La dipendenza da lavoro è difficile da individuare, in quanto concerne un comportamento accettato ma, soprattutto, apprezzato dalla società. La persona che studia o che lavora molto, infatti, viene vista come colei che ha la testa sulle spalle, determinata e matura. Questa apprezzabile rappresentazione del “grande lavoratore” non coincide, tuttavia, con la realtà, soprattutto quando vengono compromessi la qualità della salute ed il funzionamento della persona nelle varie sfere di vita (sociale, emotiva, affettiva). La Work Addiction origina in maniera graduale a partire da una serie di fattori che si intrecciano e si influenzano reciprocamente, in base alle caratteristiche temperamentali, di personalità e della famiglia di origine di colui che sviluppa la dipendenza. Tra tali fattori è possibile annoverare i seguenti:

  • Passione per il proprio lavoro;
  • Tendenza al potere e al dominio sugli altri;
  • Predisposizione al successo lavorativo e all’avanzamento di carriera;
  • Elevato senso di responsabilità;
  • Tendenza al perfezionismo;
  • Evitamento di problemi personali e/o socio-relazionali;
  • Ricerca di interazioni e relazioni nei contesti lavorativi per fronteggiare la solitudine;
  • Genitori severi ed emotivamente avari;
  • Genitori molto dediti al lavoro ed esigenti;
  • Bassa autostima;
  • Competitività;
  • Ambiente lavorativo molto competitivo;
  • Motivazione al sacrificio in vista di gratificazioni future.

 

Le trappole della Work Addiction

Quando si vive per lavorare si va incontro, nel medio e lungo termine, ad una serie di conseguenze dannose per la persona e per chi le sta accanto. Il dipendente da lavoro, infatti, va in corto circuito sviluppando una vera e propria “sindrome da stress lavorativo” che dovrebbe essere affrontata con l’aiuto di un professionista poiché comporta disagi psicologici, sintomi somatici, patologie organiche gravi (ad esempio, problemi cardiaci), dipendenza da sostanze o alcol, deficit relazionali, isolamento sociale. I familiari del Work Addicted sono i primi a rendersi conto della gravità della situazione e tendono ad avanzare richieste di attenzione, ascolto e presenza, ma si scontrano con la negazione del problema da parte del dipendente e la sua mancanza di volontà di staccarsi dal suo lavoro perché esso “viene prima di tutto”.
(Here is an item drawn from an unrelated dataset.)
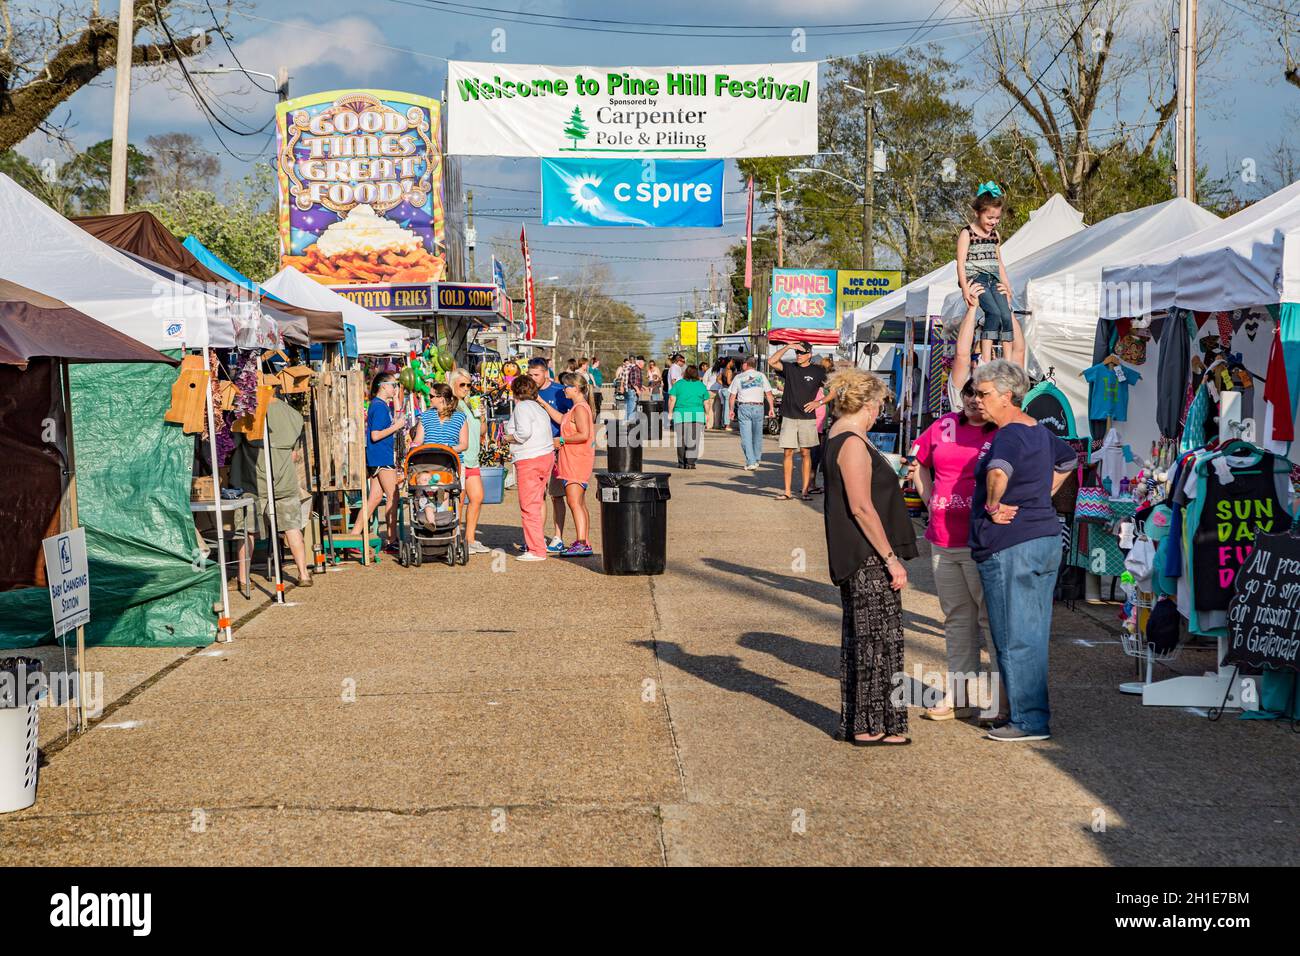 Los visitantes se reúnen en la calle entre tiendas de venta en la feria de la calle Pine Hills Festival en Stone County, Mississippi Foto de stock

Si viene letteralmente inghiottiti dal proprio lavoro fino a sfociare nel fenomeno del “Karoshi”, cioè in quella condizione in cui lo stress lavoro-correlato conduce le persone a sviluppare patologie cardiache e cerebrali gravi (ad esempio, infarti e/o ischemie) al punto da causare morte. A questo punto, quanto ne sarà valsa la pena? Il lavoro nobilita l’uomo, ma non sempre lo rende davvero libero.

 

Riferimenti bibliografici

Guerreschi C. (2005), New Addiction. Le nuove dipendenze, San Paolo Edizioni.

Caretti V., La Barbera (2005), Le dipendenza patologiche. Clinica e psicopatologia, Raffaello Cortina Editore.